Mandela espionné par le FBI après sa sortie de prison, révèlent les archives américaines

La récente visite de Barack Obama en Afrique du Sud pour le centième anniversaire de Nelson Mandela ne le laisse pas supposer. Pourtant les relations entre le premier président noir d’Afrique du Sud et les États-Unis n’ont pas toujours été des plus cordiales.
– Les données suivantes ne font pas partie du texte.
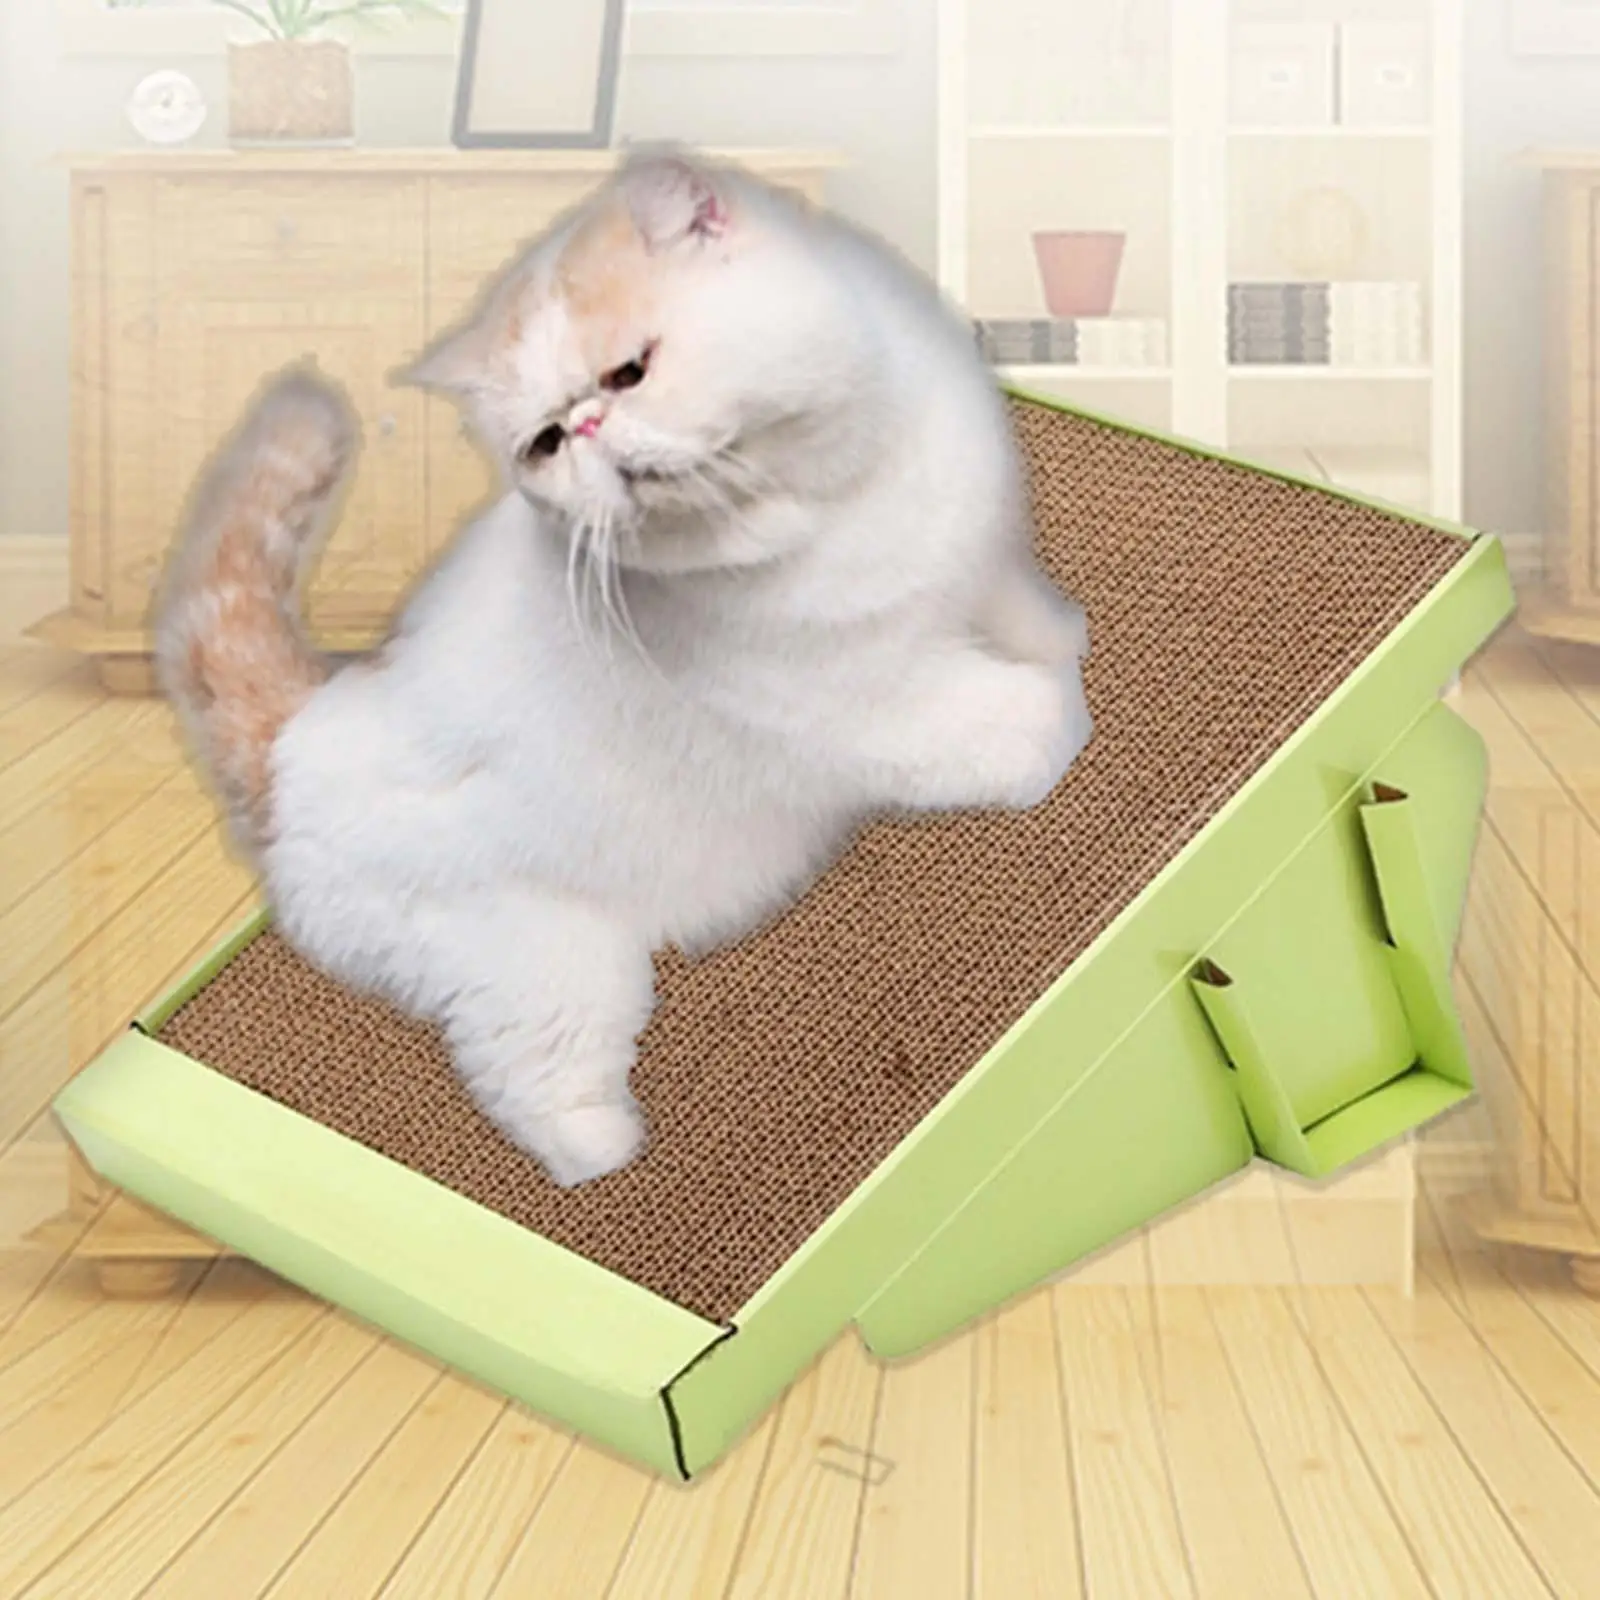 Cat Scratching Pad Slide, Corrugated Paper Scratcher Cardboard, Interactive Play Toy, Scratcher Board, Pet Supplies
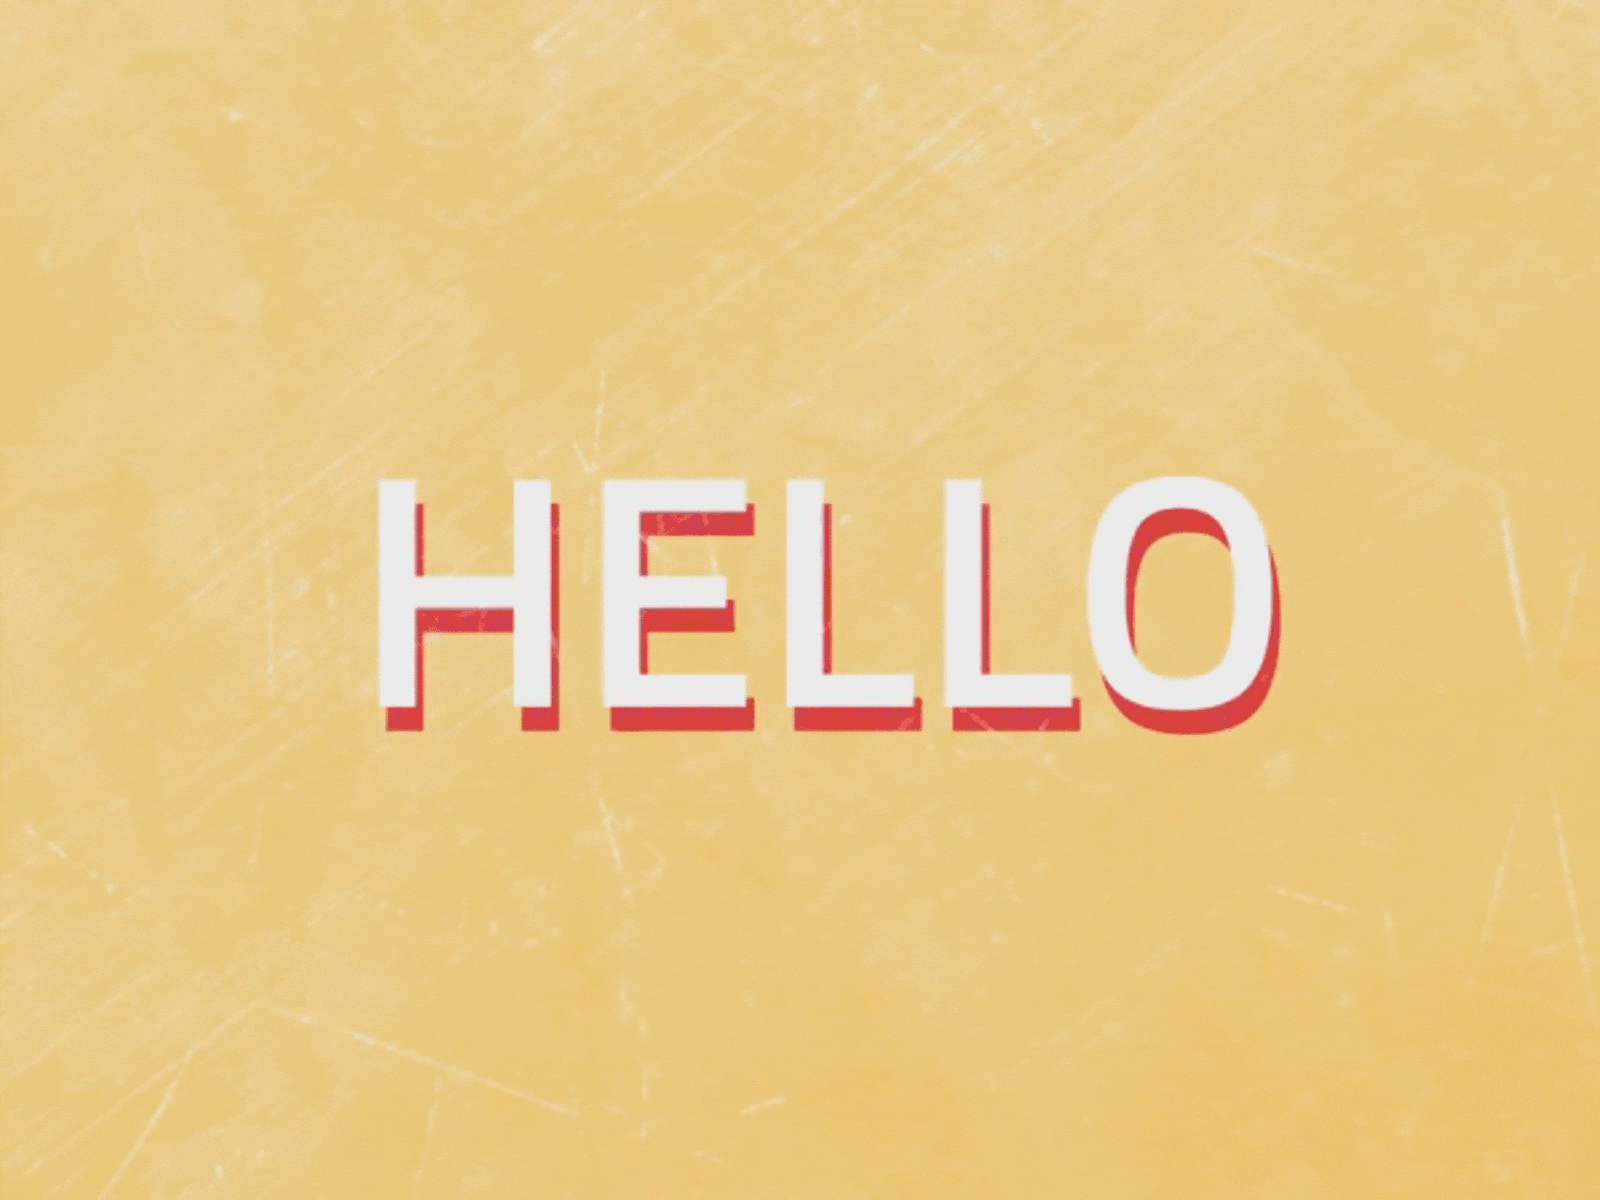 Helloooo! animation gif graphic hello illustration lettering text

Des milliers de pages d’archives des services de renseignements américains déclassifiées à la demande de l’ONG américaine Property of People révèlent que le leader de la lutte anti-apartheid a longtemps été considéré comme une menace communiste par Washington.

“La pire encore, les documents démontrent que le FBI a continué ses enquêtes sur les menaces communistes de Mandela et le mouvement anti-apartheid, même après l’imposition des sanctions commerciales contre l’Apartheid en Afrique du Sud, après la libération de Mandela et la chute du Mur de Berlin”.

Les fichiers déclassifiés ont été baptisés Mandela Files, et proviennent non seulement du FBI, de la CIA, de la DIA, le renseignement militaire de la Défense, et de la NSA.

Nelson Mandela a été président de l’Afrique du Sud entre 1994 et 1999. Mais ce n’est qu’en 2008 que son nom a été retiré de la liste américaine des personnalités et organisations qui soutiennent le terrorisme, en même temps que son parti l’ANC.